One way of properly escaping JS strings within a <script> block is escaping the slash if it follows the left angle bracket, or just always escaping the slash, i.e.

var s = 'Hello <\/script>';

This seems to be working fine.

Then comes the question of JS code within HTML event handlers, which can be easily broken too, e.g.

<div onClick="alert('Hello ">')"></div>

looks valid at first but breaks in most (or all?) browsers. This, obviously requires the full HTML entity encoding.

My question is: what is the best/standard practice for properly covering all the situations above - i.e. JS within a script block, JS within event handlers - if your JS code can partly be generated on the server side and can potentially contain malicious data?

possible duplicate of JavaScript and error "end tag for element which is not open" — Quentin, Jan 5 '12 at 21:47

ThinkingStiff · Accepted Answer · 2012-01-05 23:51:01Z

The following characters could interfere with an HTML or Javascript parser and should be escaped in string literals: <, >, ", ', \, and &.

In a script block using the escape character, as you found out, works. The concatenation method (</scr' + 'ipt>') can be hard to read.

var s = 'Hello <\/script>';

For inline Javascript in HTML, you can use entities:

<div onClick="alert('Hello &quot;>')">click me</div>

Demo: http://jsfiddle.net/ThinkingStiff/67RZH/

The method that works in both <script> blocks and inline Javascript is \uxxxx, where xxxx is the hexadecimal character code.

< - \u003c
> - \u003e
" - \u0022
' - \u0027
\ - \u005c
& - \u0026

Demo: http://jsfiddle.net/ThinkingStiff/Vz8n7/

HTML:

<div onClick="alert('Hello \u0022>')">click me</div>

<script>
    var s = 'Hello \u003c/script\u003e';
alert( s );
</script>

The hex escape method is the best so far: you don't have to worry where your string ends up in the code, just send everything through one basic server-side function. Great, I like it! — mojuba, Jan 5 '12 at 23:47

Jamie Treworgy · Answer 2 · 2012-01-05 20:27:03Z

up vote 2 down vote

(edit - somehow didn't notice you mentioned slash-escape in your question already...)

OK so you know how to escape a slash.

In inline event handlers, you can't use the bounding character inside a literal, so use the other one:

<div onClick='alert("Hello \"")'>test</div>

But this is all in aid of making your life difficult. Just don't use inline event handlers! Or if you absolutely must, then have them call a function defined elsewhere.

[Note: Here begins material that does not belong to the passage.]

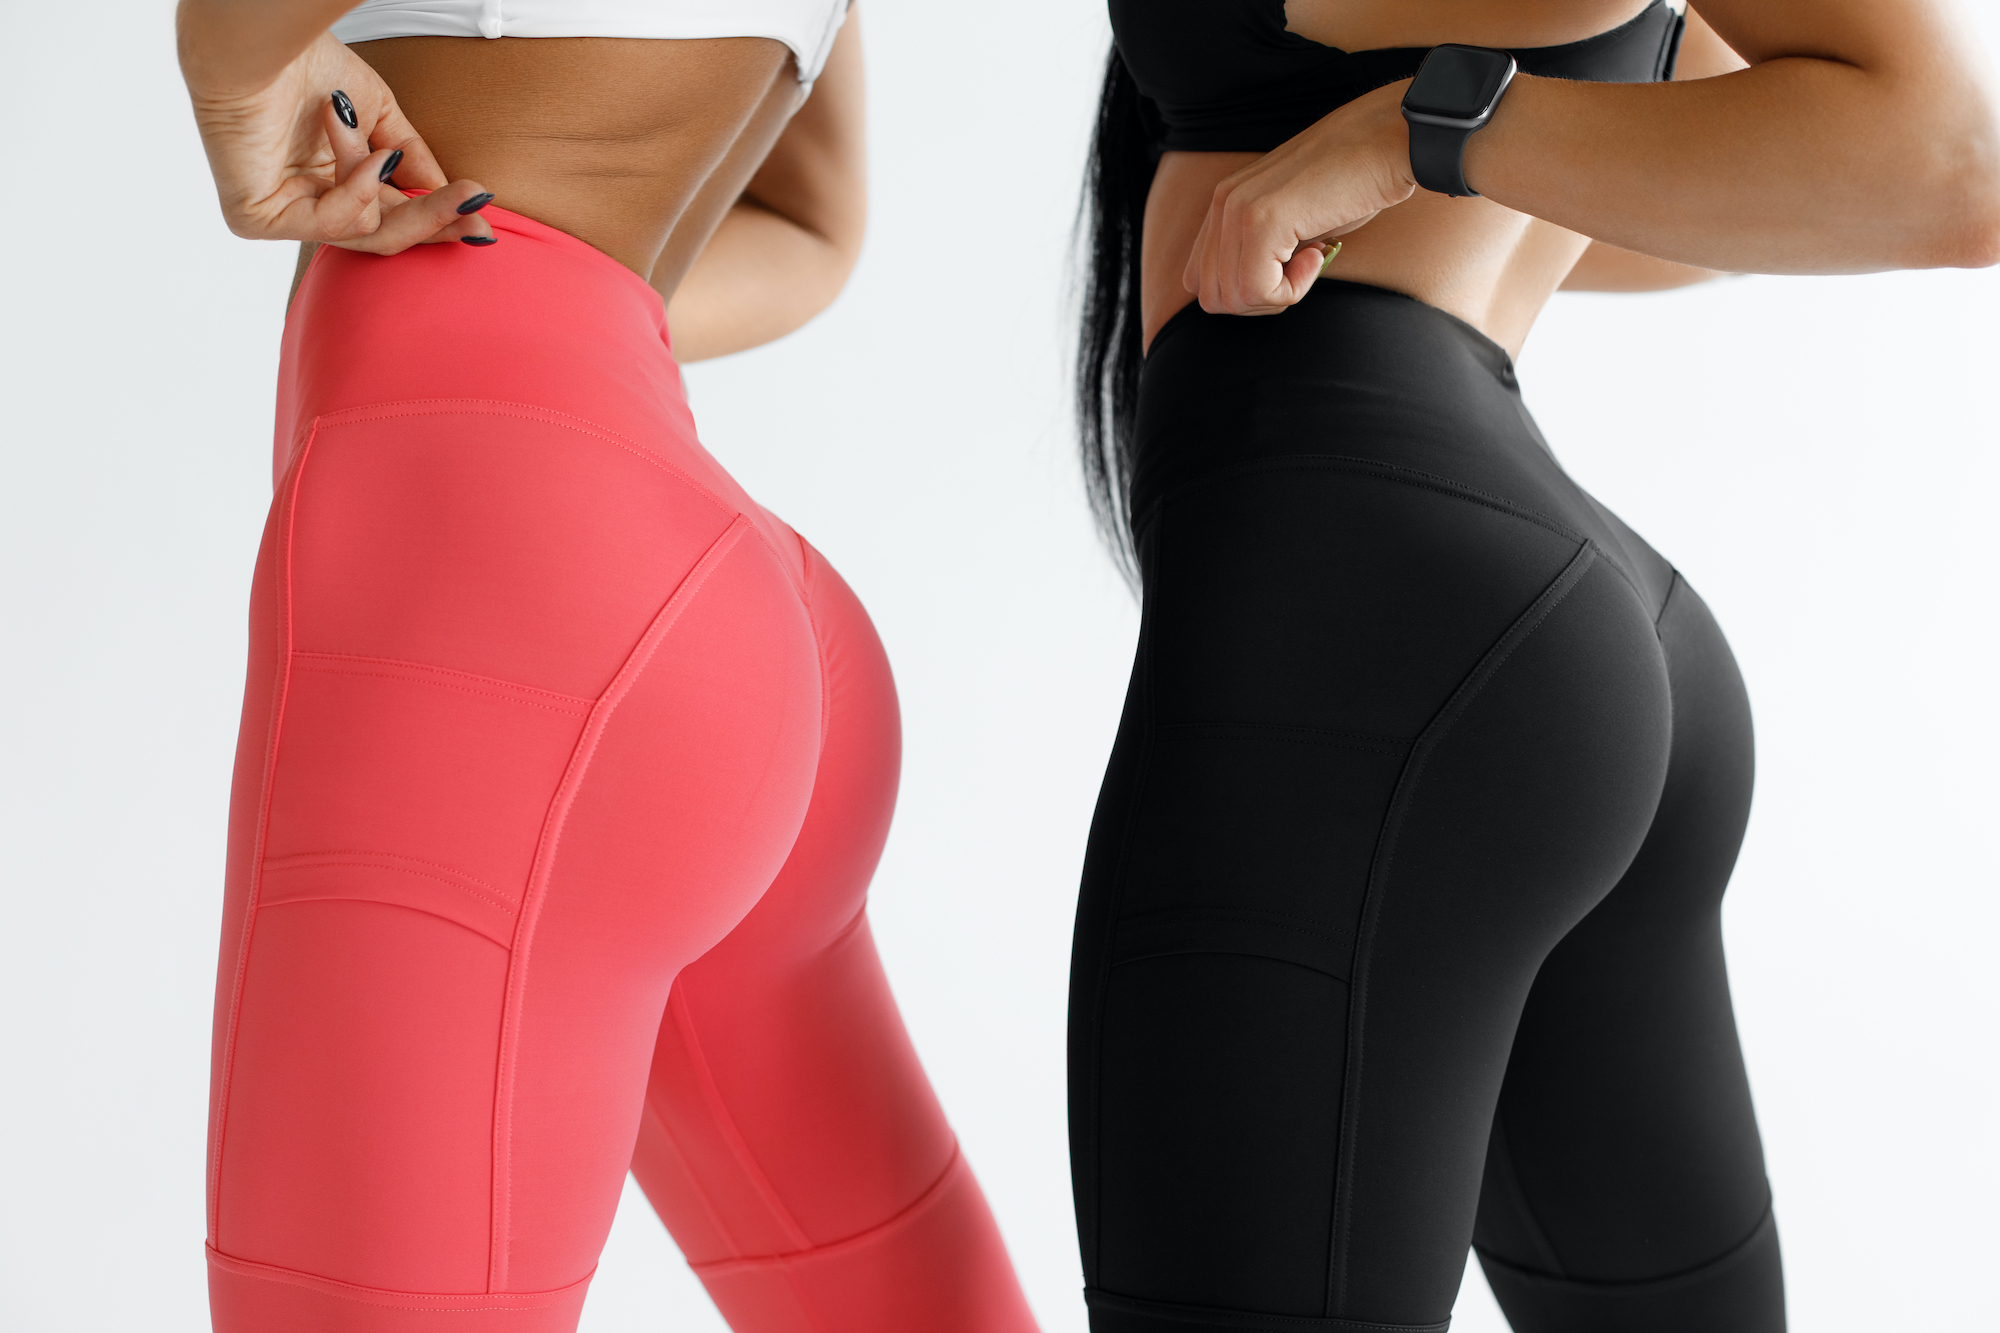 Shoppers Say These Butt-Lifting Pants Are Smoothing, and They're

Generally speaking, there are few reasons for your server-side code to be writing javascript. Don't generate scripts from the server - pass data to pre-written scripts instead.

(original)

You can escape anything in a JS string literal with a backslash (that is not otherwise a special escape character):

var s = 'Hello <\/script>';

This also has the positive effect of causing it to not be interpreted as html. So you could do a blanket replace of "/" with "\/" to no ill effect.

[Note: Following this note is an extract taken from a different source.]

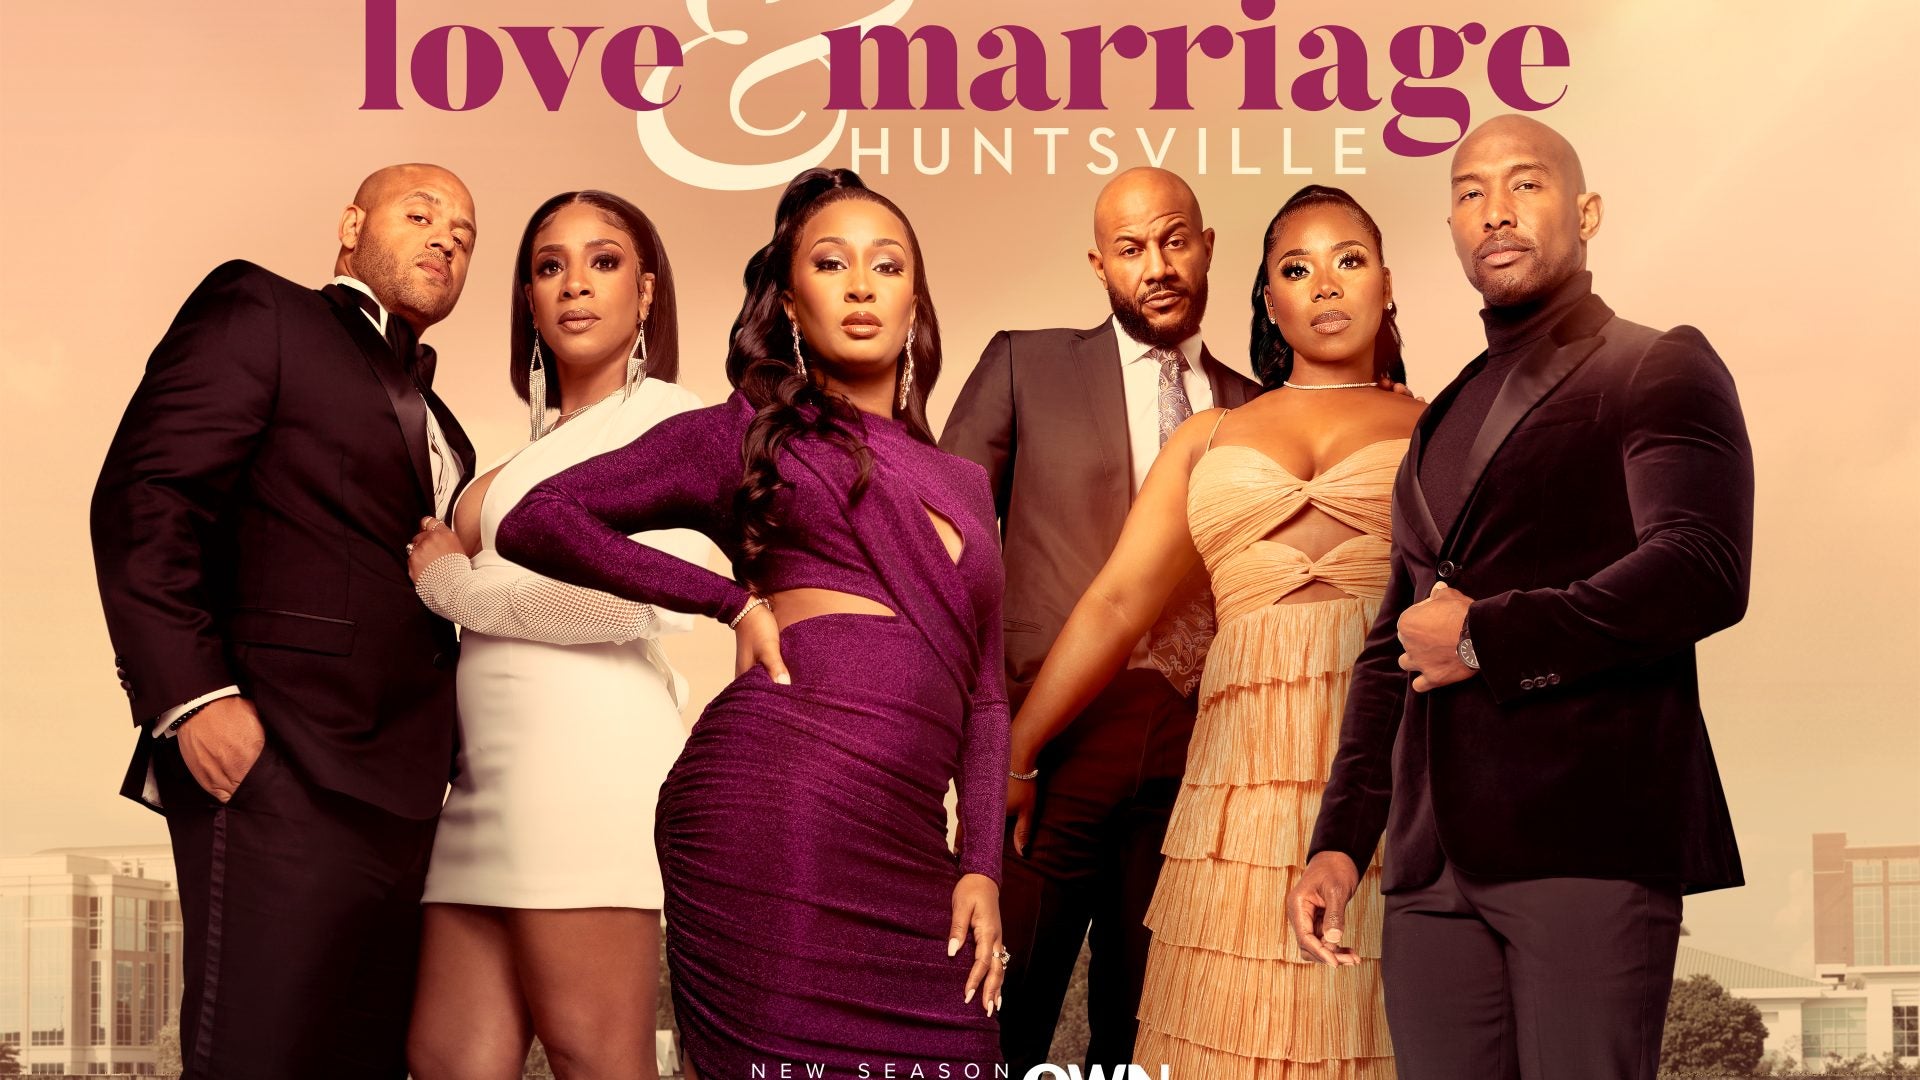 Get A First Look At OWN's New Spinoff ‘Love & Marriage: DC’

Generally, though, I am concerned that you would have user-submitted data embedded as a string literal in javascript. Are you generating javascript code on the server? Why not just pass data as JSON or an HTML "data" attribute or something instead?

edited Jan 5 '12 at 20:27

answered Jan 5 '12 at 20:13

Jamie Treworgy
14.3k24289

Re: passing strings to JS: it's a valid point to use, say, JSON instead, but I'm trying to save some traffic and connections by inserting data directly into HTML/JS. For small amounts of data I think it's OK. – mojuba Jan 5 '12 at 20:48

This technique can only cost you in terms of bandwidth, since such scripts cannot be cached by the browser. Quick and dirty, stick it in a hidden element: <span style="display:none;" id="mule" data-text="... attributed encoded text or JSON structure"></span> There's no rule against doing it however you want, but it sure saves a lot of headaches and makes for easier, more secure, more maintainable code to avoid generating scripts. – Jamie Treworgy Jan 5 '12 at 20:52

Re: your solution with reverting the bounding characters will require my server-side code to look for quotes within my JS snippet and decide whether it should be enclosed in single or double quotes. Getting too complicated. Far easier to just escape everything like any HTML literal text. – mojuba Jan 5 '12 at 20:53

Except it won't work reliably because javascript isn't a literal. You need to combine the rules for escaping within javascript literals, and the rules for escaping within an HTML element, which is pretty darn complicated all of the sudden. A double-quote inside single-quotes becomes " but what about a double-quote that's bounding a string literal? Answer is simple: avoid inline scripts. Pass data instead. – Jamie Treworgy Jan 5 '12 at 21:01

To be honest, I already fixed my code and it works. Rule #1: when generating a JS string literal on the server, escape quotes, newlines and slash with backslash. Rule #2: when inserting anything into HTML other than JS code in the script block, escape as usual with htmlentities(). – mojuba Jan 5 '12 at 21:08

add a comment |

hugomg · Answer 3 · 2012-01-05 20:21:09Z

up vote 1 down vote

I'd say the best practice would be avoiding inline JS in the first place.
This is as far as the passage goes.